An old woman brought a lighted lamp and hung it on the common well whose bulky shadow squatted in the middle of the road, opposite Tom and Louisa. The old woman lifted the well-lid, took hold the chain, and began drawing up the heavy bucket. As she did so, she sang. Figures shifted, restless, between lamp and window in the front rooms of the shanties. Shadows of te figures fought each other on the gray dust of the road. Figures raised the windows and joined the old woman in song. Louisa and Tom, the whole street singing...17
Where were they, these people? She’d sing, and perhaps they’d come and join her. Perhaps Tom Bur-well would come. At any rate, the full moon in the great door was an omen which she must sing to...18
В «Avey» тема песни любви или мольбы заменяется колыбельной, связанной метонимическими отношениями с темой нежной дружбы, приходящей на смену страсти, и отношениями аллегории с темой покоя при осознании своих желаний, обретении своего «я».
I gave her one burning kiss.
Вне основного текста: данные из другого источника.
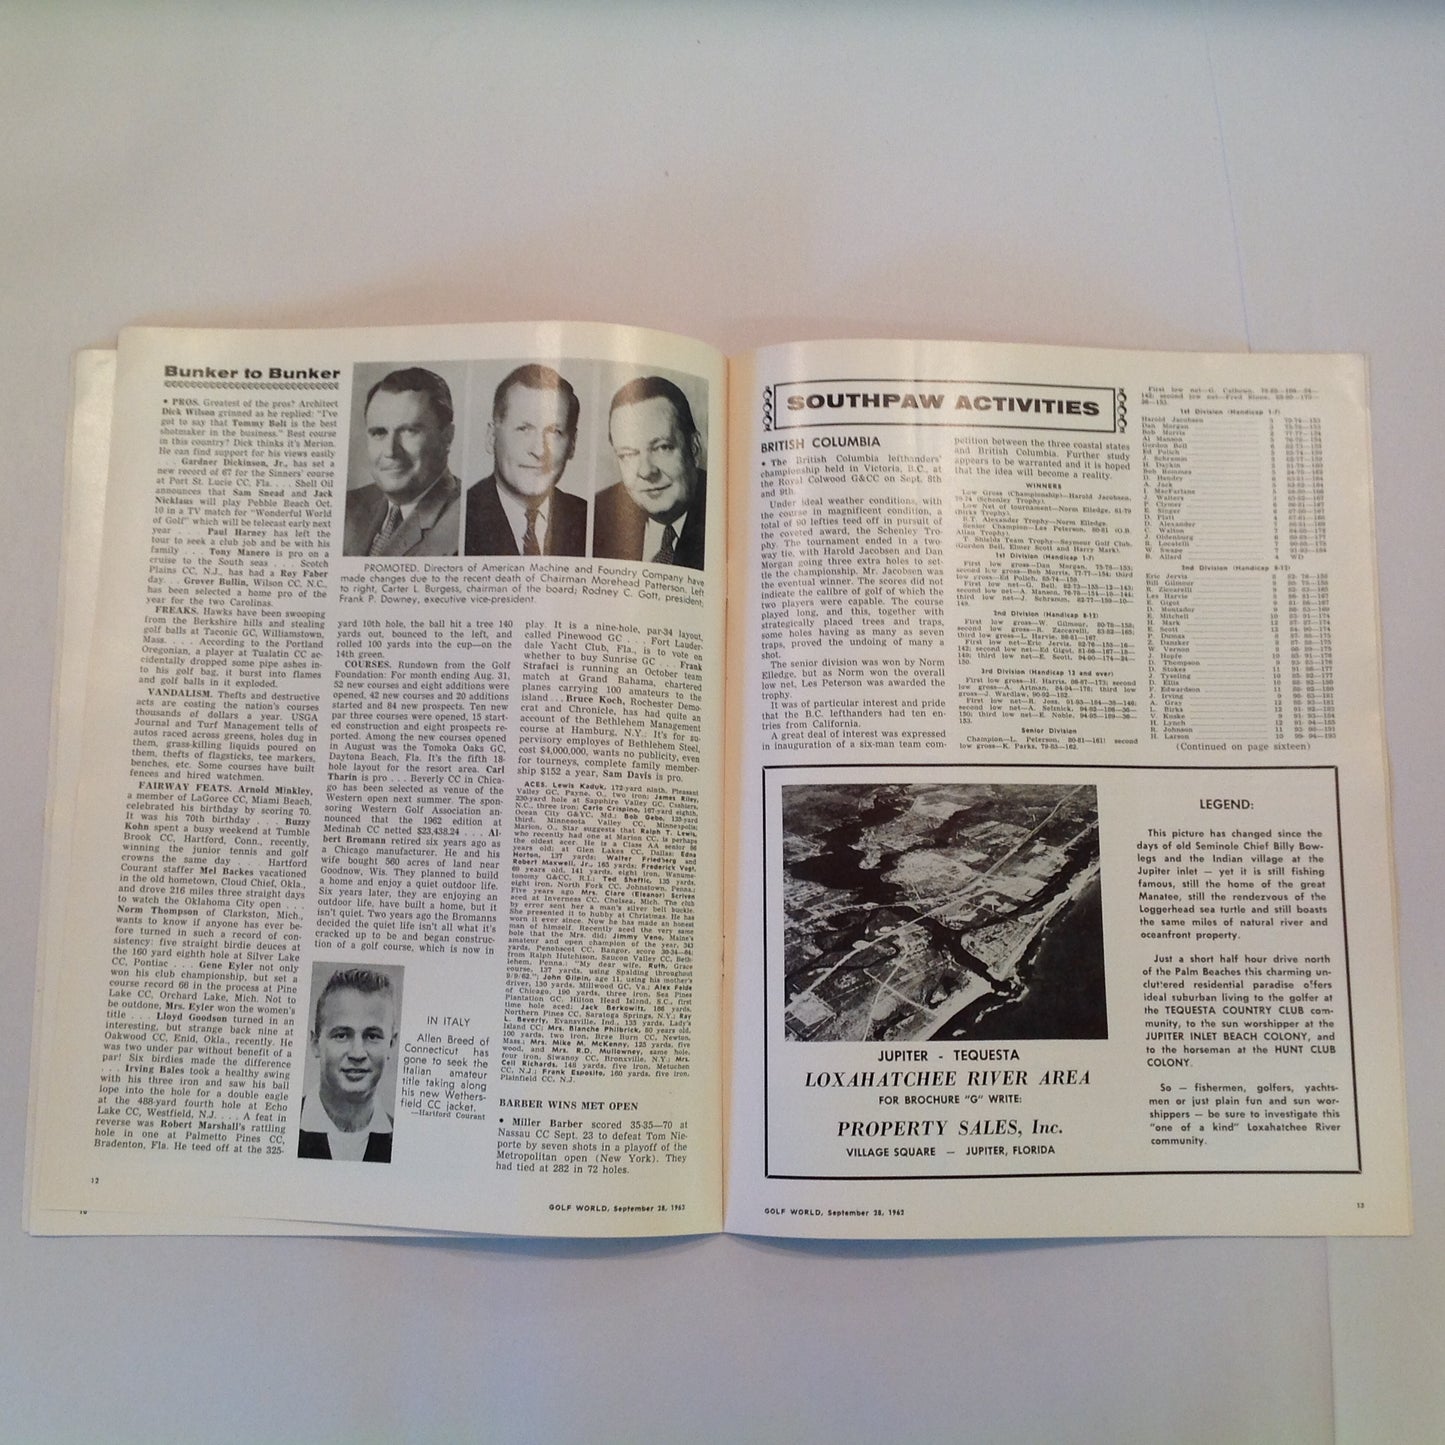 Vintage September 28 1962 GOLF WORLD Weekly Golf News Vol 16  No 18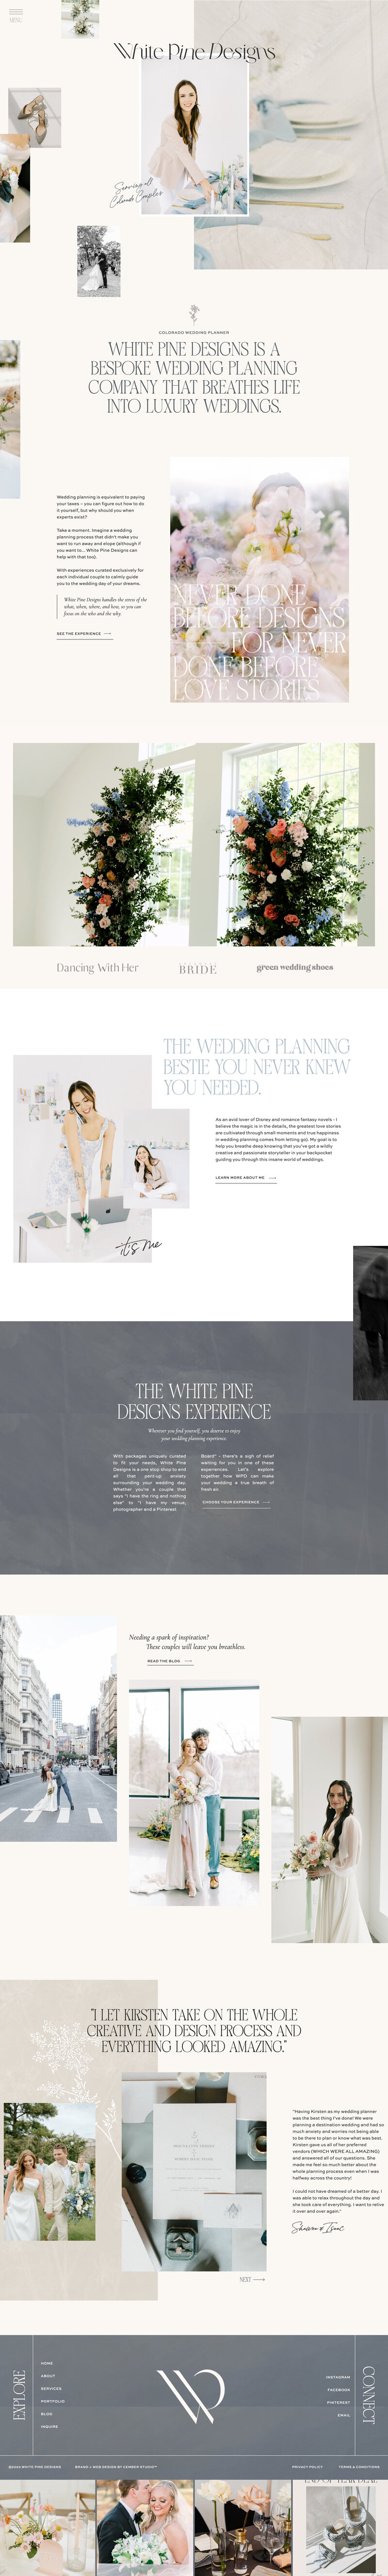 Showit website mockup for White Pine Designs wedding planner

Then she laid me in her lap as if I were a child. Helpless. I got sore when she started to hum a lullaby. She wouldn’t let me go... Her eyes were soft and misty, the curves of her lips were wistful, and her smile seemed indulgent of the irrelevance of my remarks. I gave up at last and let her love me, silently, in her own way19.
I asked her to hope, and build up an inner life against the coming of that day. I recited some of my own things to her. I sang, with a strange quiver in my voice, a promise-song. And then I began to wonder why her hand had not once returned a single pressure... Then I looked at Avey. Her heavy eyes were closed. Her breathing was as faint and regular as a
child’s in slumber... I hated to wake her20.
Концепт дерева в контексте этого рассказа обретает двуплановость. С одной стороны, это аллегория, связанная с образом подростков. С другой стороны, Дж. Тумер проводит сравнение между деревом и женщиной. Очень похожее развитие этого образа встречается позднее в произведениях Тони Моррисон.
Us fellers were seated on the curb before an apartment house where she had gone in. the young trees had not outgrown their boxes then. V Street was lined with them. When our legs grew cramped and stiff from the cold of the stone, we would stand around a box and whittle it. I like to think now that there was a hidden purpose in the way we hacked them with our knives. I like to feel that something deep in me responded to the trees, the young trees that whinnied like colts impatient to be let free...21
Avey was as silent as those great trees whose tops we looked down upon. She has always been like that. At least, to me. I had the notion that if I really wanted to, I could with her just what I pleased. Like one can strip a tree21.
Реализация образа огня и света происходит здесь либо путем сравнения души влюбленного подростка с пламенем,
I just stood there like the others, and something like a fuse burned up inside of me. She never noticed us, but swung along lazy and easy as anything23, либо путем метонимии, когда луна выступает частью ночного пейзажа и усиливает тему любви.
The moon was brilliant. The air was sweet like clover, and every now and then, a salt tang, a stale drift of sea-weed.. ,24
Очевидно, что эти приемы могут быть охарактеризованы как привычные, традиционные.
Из второй части «Тростника» остановимся только на рассказе «Box Seat». Именно здесь наиболее полно проявляется изменение смыслового наполнения концептов растения, голоса или песни, огня и Бога.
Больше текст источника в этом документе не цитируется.